V31E-4814:
The H2O Content of Granite Embryos

Wednesday, 17 December 2014
Omar Bartoli1, Bernardo Cesare1, Laurent Remusat2, Antonio Acosta-Vigil3 and Stefano Poli4, (1)Università di Padova, Dipartimento di Geoscienze, Padova, Italy, (2)Muséum National d´Histoire Naturelle, Laboratoire de Minéralogie et Cosmochimie du Muséum, Paris, France, (3)Andalusian Institute of Earth Sciences, Armilla-Granada, Spain, (4)Universita'' di Milano, Milano, Italy
Abstract:
Quantification of H2O contents of natural granites has been an on-going challenge owing to the extremely fugitive character of H2O during cooling and ascent of melts and magmas. Here we approach this problem by studying granites in their source region (i.e. the partially melted continental crust) and we present the first NanoSIMS analyses of anatectic melt inclusions (MI) hosted in peritectic phases of migmatites and granulites. These MI which totally crystallized upon slow cooling represent the embryos of the upper-crustal granites. The approach based on the combination of MI and NanoSIMS has been here tested on amphibolite-facies migmatites at Ronda (S Spain) that underwent fluid-present to fluid-absent melting at ~700 °C and ~5 kbar. Small (≤ 5 µm) crystallized MI trapped in garnet have been remelted using a piston-cylinder apparatus and they show leucogranitic compositions. We measure high and variable H2O contents (mean of 6.5±1.4 wt%) in these low-temperature, low-pressure granitic melts. We demonstrate that, when the entire population from the same host is considered, MI reveal the H2O content of melt in the specific volume of rock where the host garnet grew.

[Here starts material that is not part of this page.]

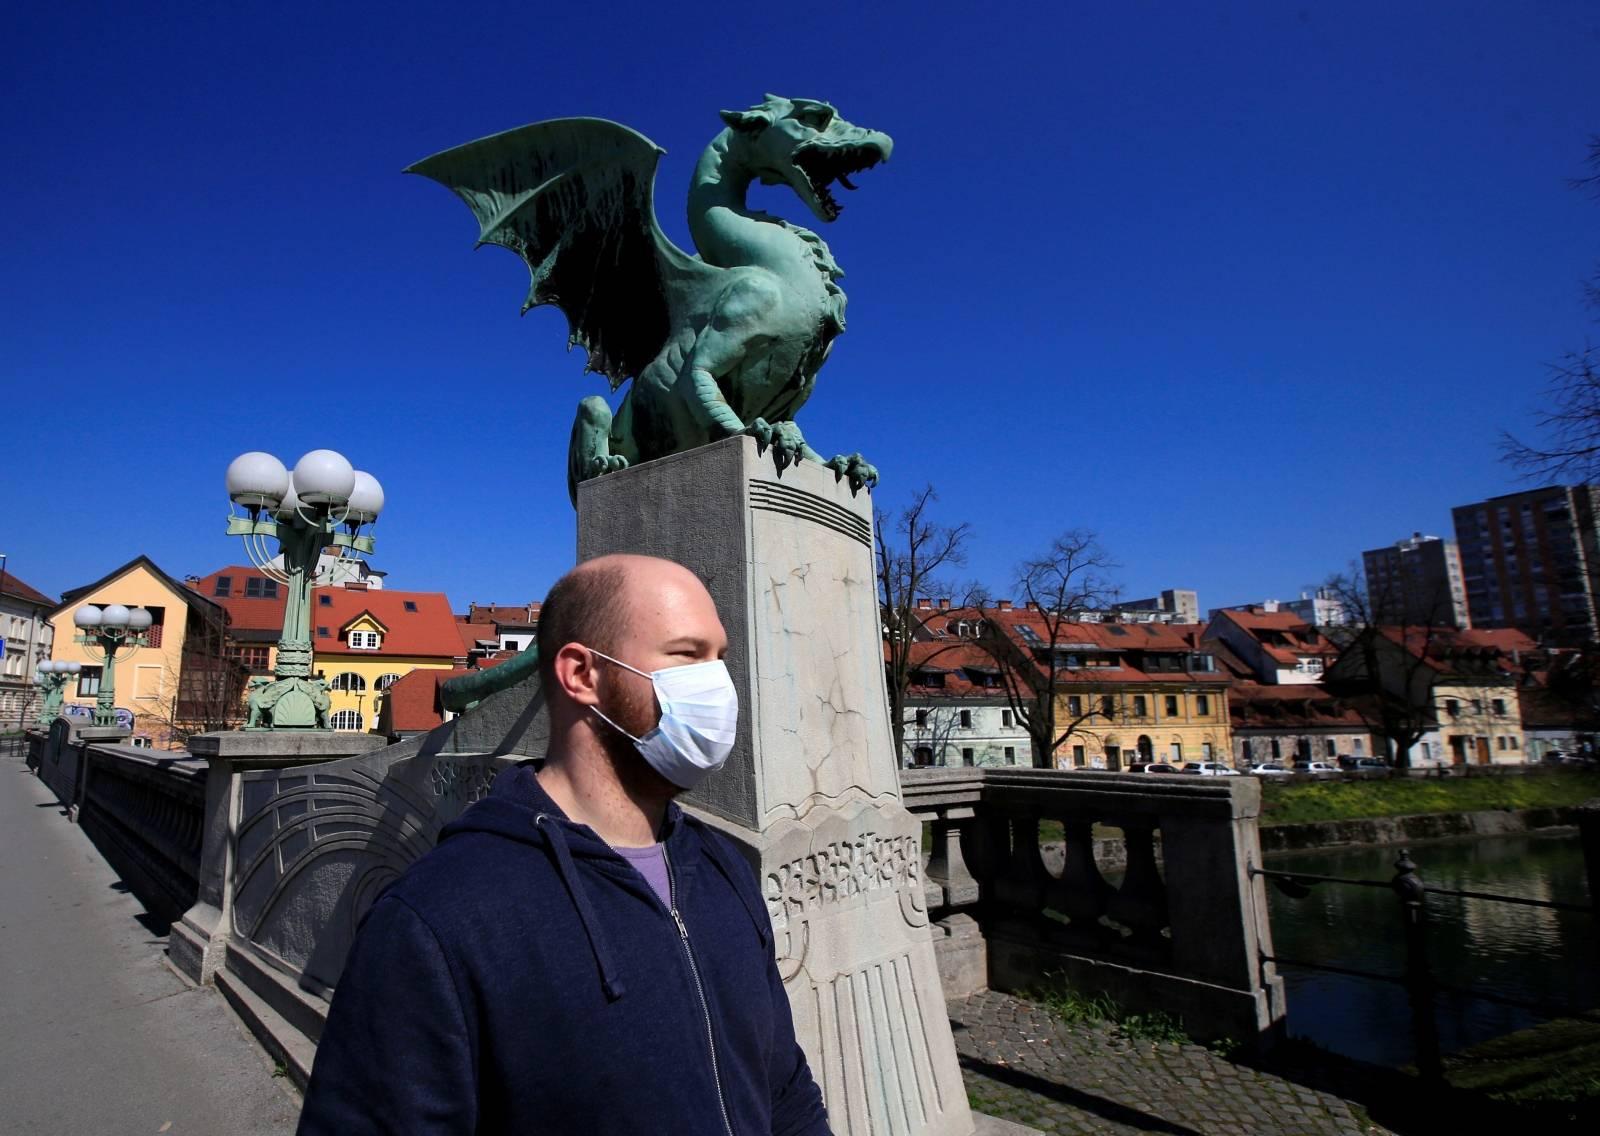 FILE PHOTO: A man with a face mask walks on the Dragon's bridge during coronavirus disease (COVID-19) fears, in Ljubljana
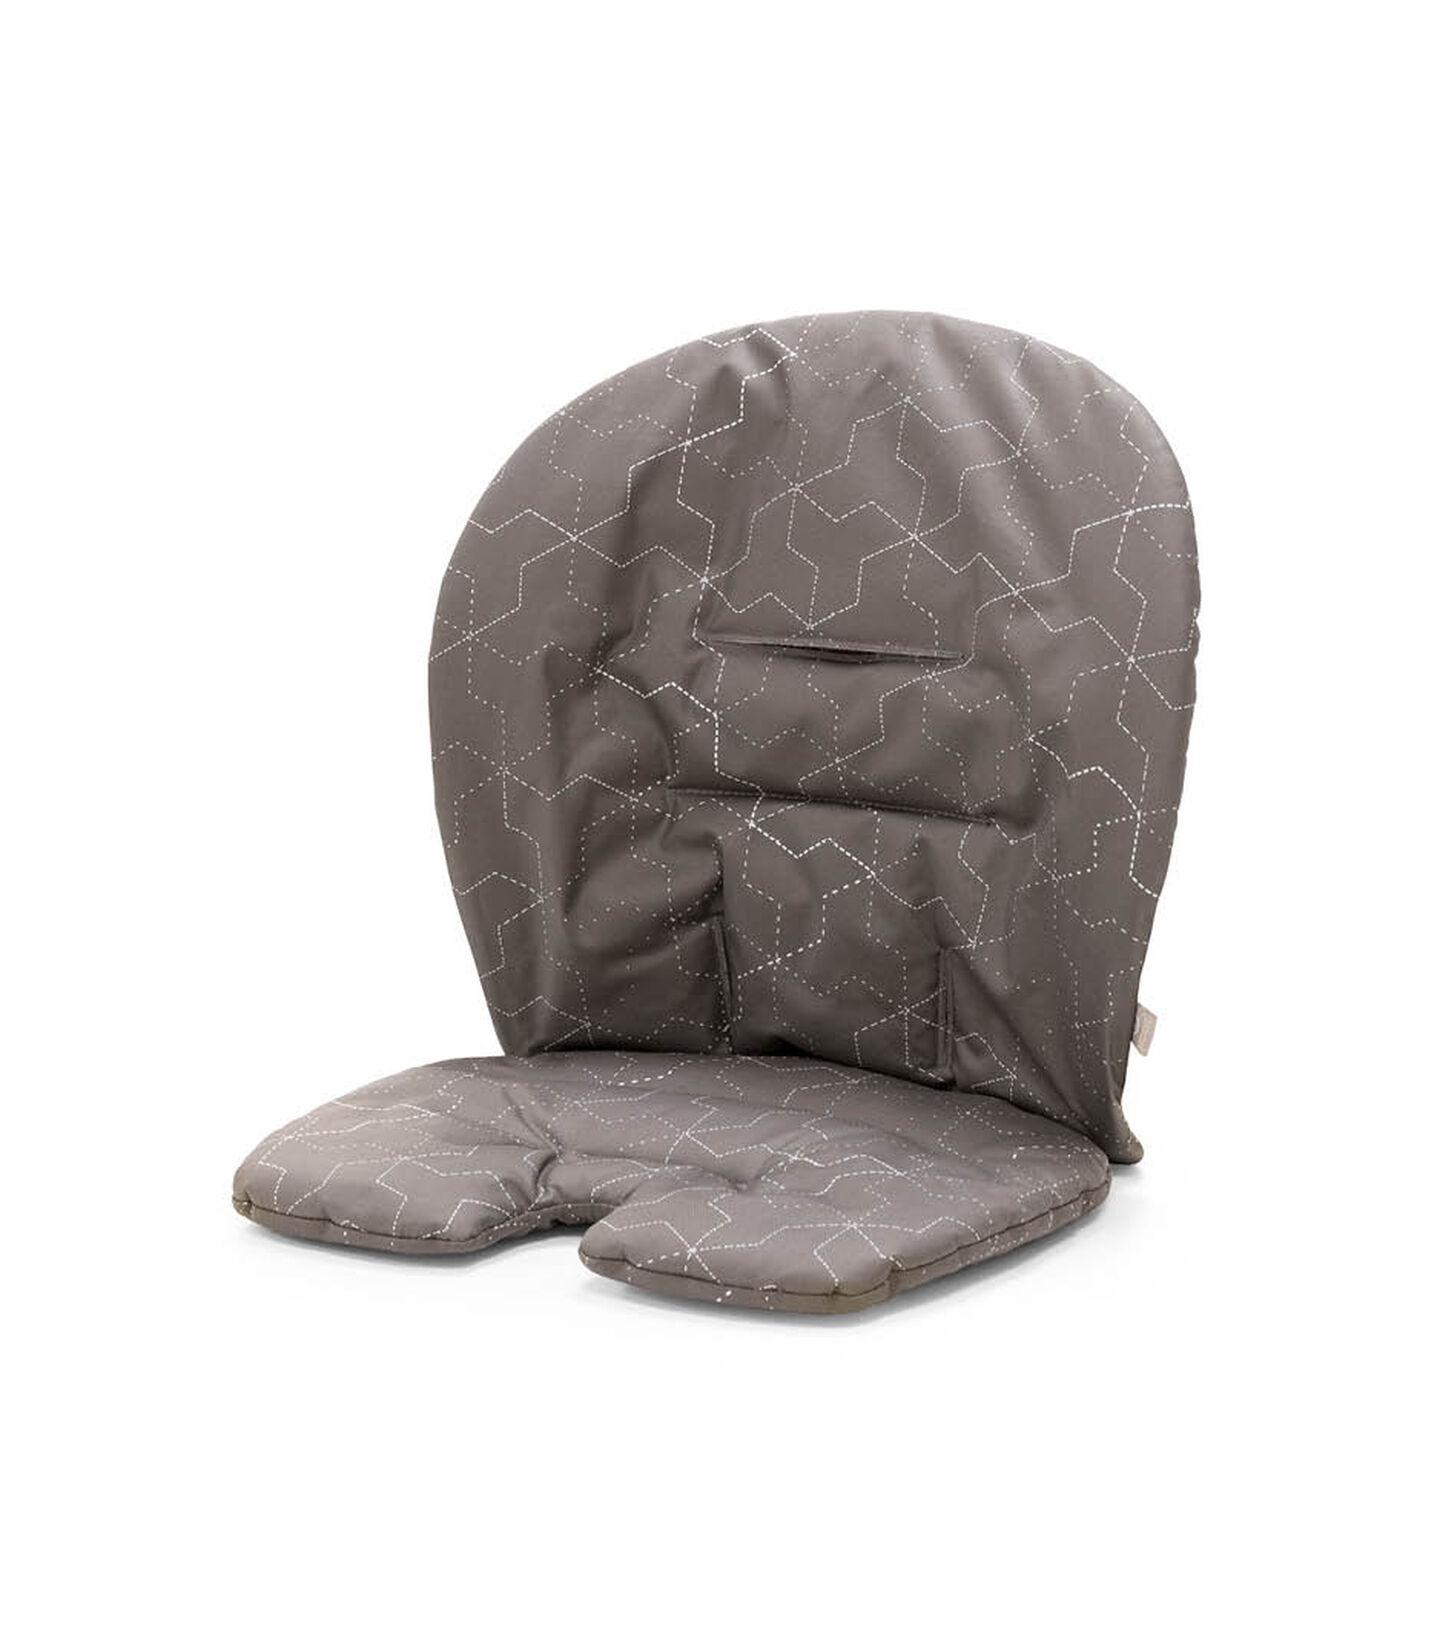 Stokke® Steps™ Baby Set Cushion Geometric Grey, Geometric Grey, mainview view 2

Mean H2O values for the MI in different host crystals range from 5.4 to 9.1 wt%. This range is in rather good agreement with experimental models for granitic melts at the inferred P-T conditions. Our study documents for the first time the occurrence of H2O heterogeneities in natural granitic melts at the source region. These heterogeneities are interpreted to reflect the birth of granitic melts under conditions of “mosaic” equilibrium, where the distinct fractions of melt experience different buffering assemblages at the micro-scale, with concomitant differences in melt H2O content. These results confirm the need for small-scale geochemical studies on natural samples to improve our quantitative understanding of crustal melting and granite formation. The same approach adopted here can be applied to MI hosted in higher-temperature, granulite-facies rocks that represent the parents of many upper-crustal granites. This will result in a better understanding of formation and evolution of granitic magmas.